Meaning, just because you don’t like one type of wine, produced from a certain grape varietal, grown by in a vineyard is a part of one country, doesn’t mean you won’t like the same type of wine produced elsewhere. 

And that’s the beauty of white wine (and all wine come to think of it) – there are so many factors that influence the way a white wine tastes, if you don’t like one bottle of wine, there are hundreds (thousands even) more out there you will like. 

7 common types of white wine

  1. Chardonnay. This is one of the most popular types of white wine the world over. The chardonnay grape is native to Burgundy (France) but thrives in cooler climates too, such as New Zealand. The classic light creamy taste associated with chardonnay is produced during the fermentation process, softening the grape’s natural acidic flavour to softer, richer notes. With chardonnays, you can expect to taste sharp flavours like green apples or citrus fruits, but these are always combined with a sweeter, caramel-like finish. Note – chardonnays can be sweet or dry, even oaky. 
  2. Viognier. This wine has a perfumed, floral aroma that is light and airy, differing somewhat to its full-bodied, fruity flavour. Viognier is the sister to chardonnay, just without the acidity. It’s soft and fruity and not so heavy on the tongue unlike chardonnay, and with less acidity too. Viogniers are bursting with juicy notes of pears, mangos and tangerines, with a smooth finish, available either oaked or unoaked.
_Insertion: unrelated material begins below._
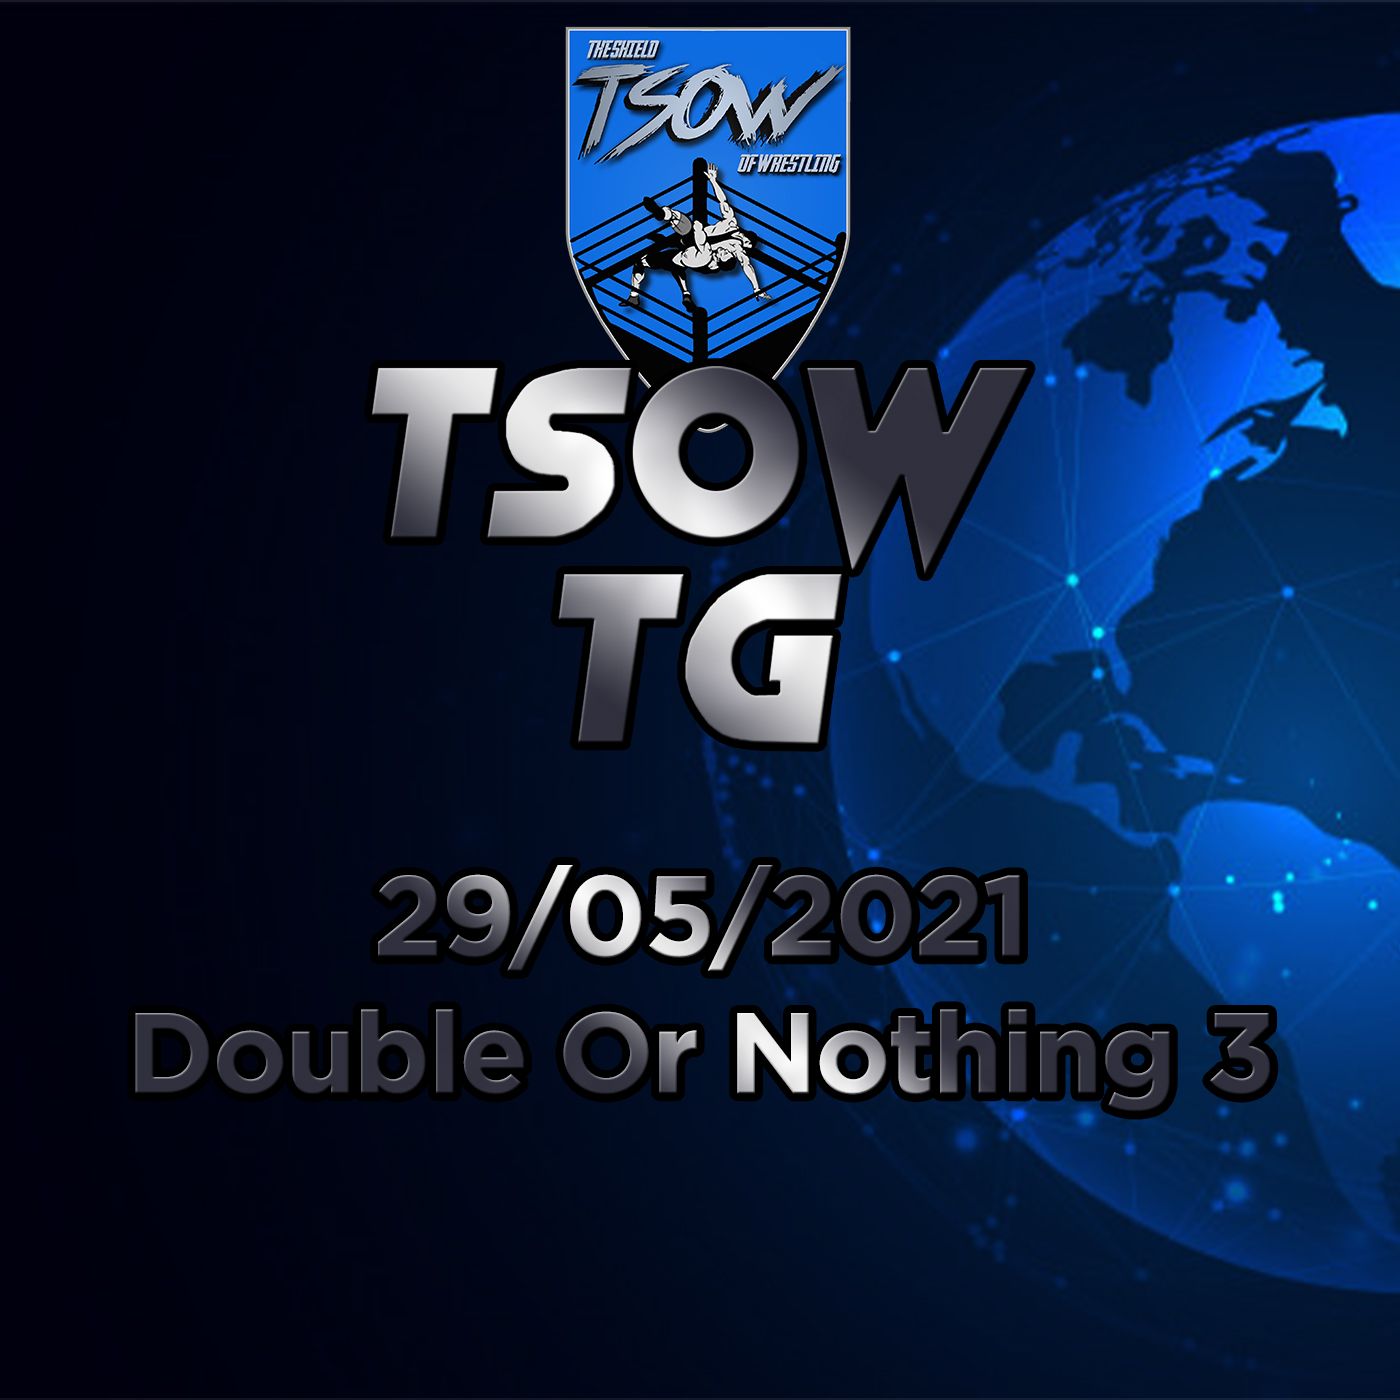 TSOW TG 29/05 - Double Or Nothing 3

  3. Pinot Grigio. The cousin to the popular red variety, pinot noir, the pinot grigio is a dry, zesty floral flavoured white wine. Pinot grigios tend to be slightly heavier in texture in comparison to other types of white wine, although that doesn’t translate to a heavier wine. More they have a velvety feel on your tongue when sipped, with a refreshing flavour, rather than a sharp, tart one. Pinot grigio has citrus flavours like lemons and nectarines combined with warmth from spice-like flavours of ginger and cloves. 
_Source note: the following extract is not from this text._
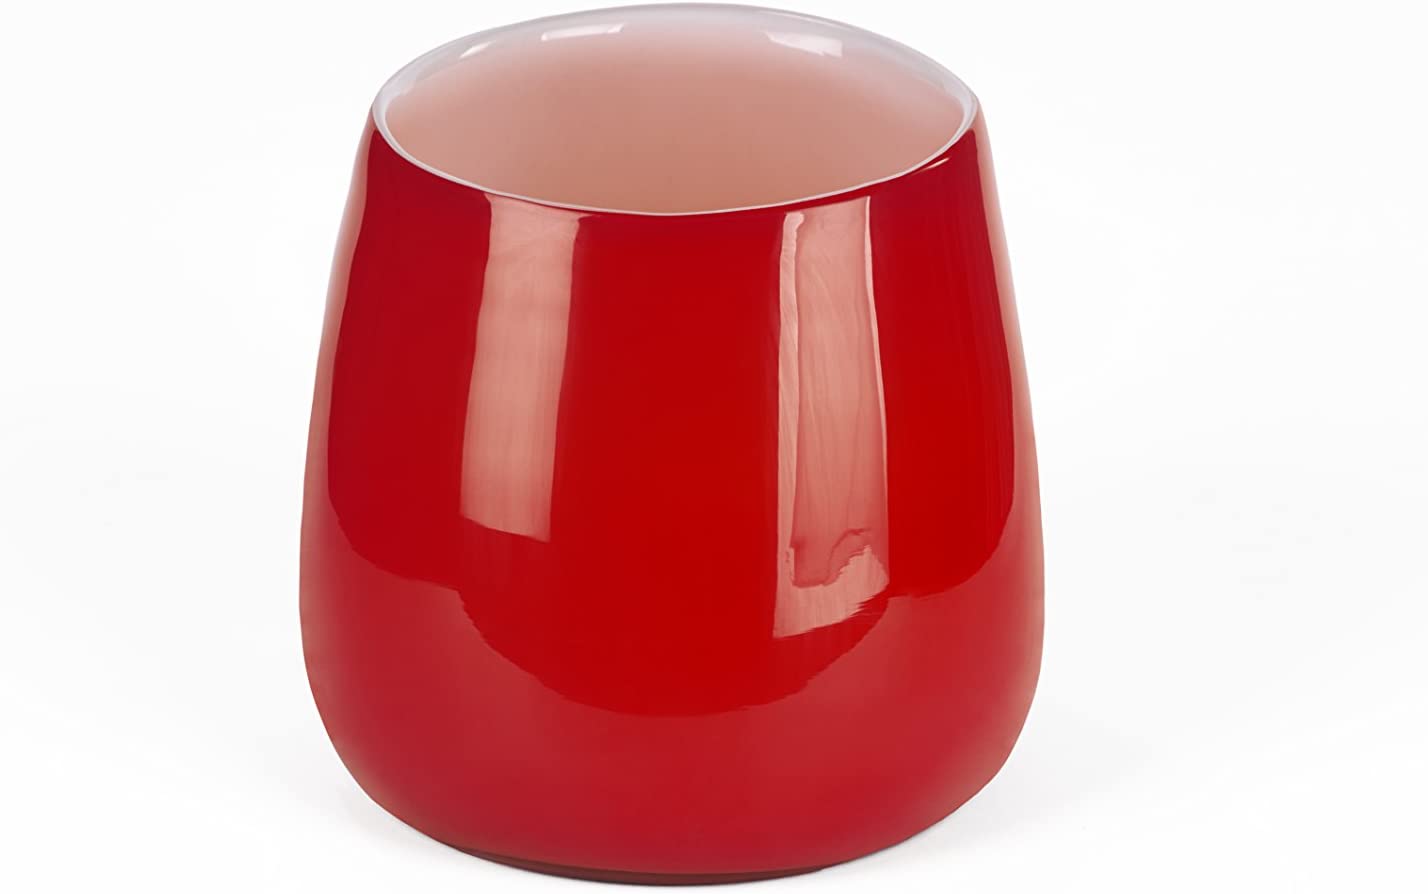 Lambert 16958 Glass Accessories, Red

  4. Sauvignon Blanc. The most prolific planted grape variety in the world, the sauvignon blanc white wine is also one of the greenest tasting available, with some high acidity levels and strong citrus notes. Don’t expect anything sweet – the sauvignon blanc finish is a dry one. Expect to taste everything in a sauvignon blanc from grapefruit through to elderflowers, green peppers and grass cuttings, to gooseberries. New World sauvignon blanc like New Zealand ones tend to be more citrusy in flavour than Old World ones, this is in part due to the climate difference. 
  5. Riesling. You can find a riesling to suit almost any taste, as this white wine’s flavour profile differs tremendously depending on where the grapes have been grown. Riesling grapes are easily manipulated, producing a sharp wine from young grapes to a more refined offering if the grapes are held on the vine for longer. Rieslings are easy drinkers, they don’t have a high alcohol content and they won’t overpower any food options you pair them with. Expect flavours of honey, apricots and green apples, with dryer deeper flavours from older vintages.
  6. Gewürztraminer. Tangy yet floral, this flavourful white wine packs a punch like no other. Juicy with a highly distinct flavour profile, this aromatic grape produces a complex wine with notes of strawberries, pineapples and rose. It’s an incredibly light white wine, perfectly spiced and the ideal drink to imbibe on a warm summer’s day.
  7. Moscato. These wines are more for the sweet-toothed wine drinkers out there. With its low alcohol content (between 5-7% ABV) and sweet flavour profile of orange blossom, cherries and pears, without much acidity, these wines are perfect for puddings. Moscato (or Muscat) grapes are one of the oldest, unmodified types grown, having been around for over 3000 years.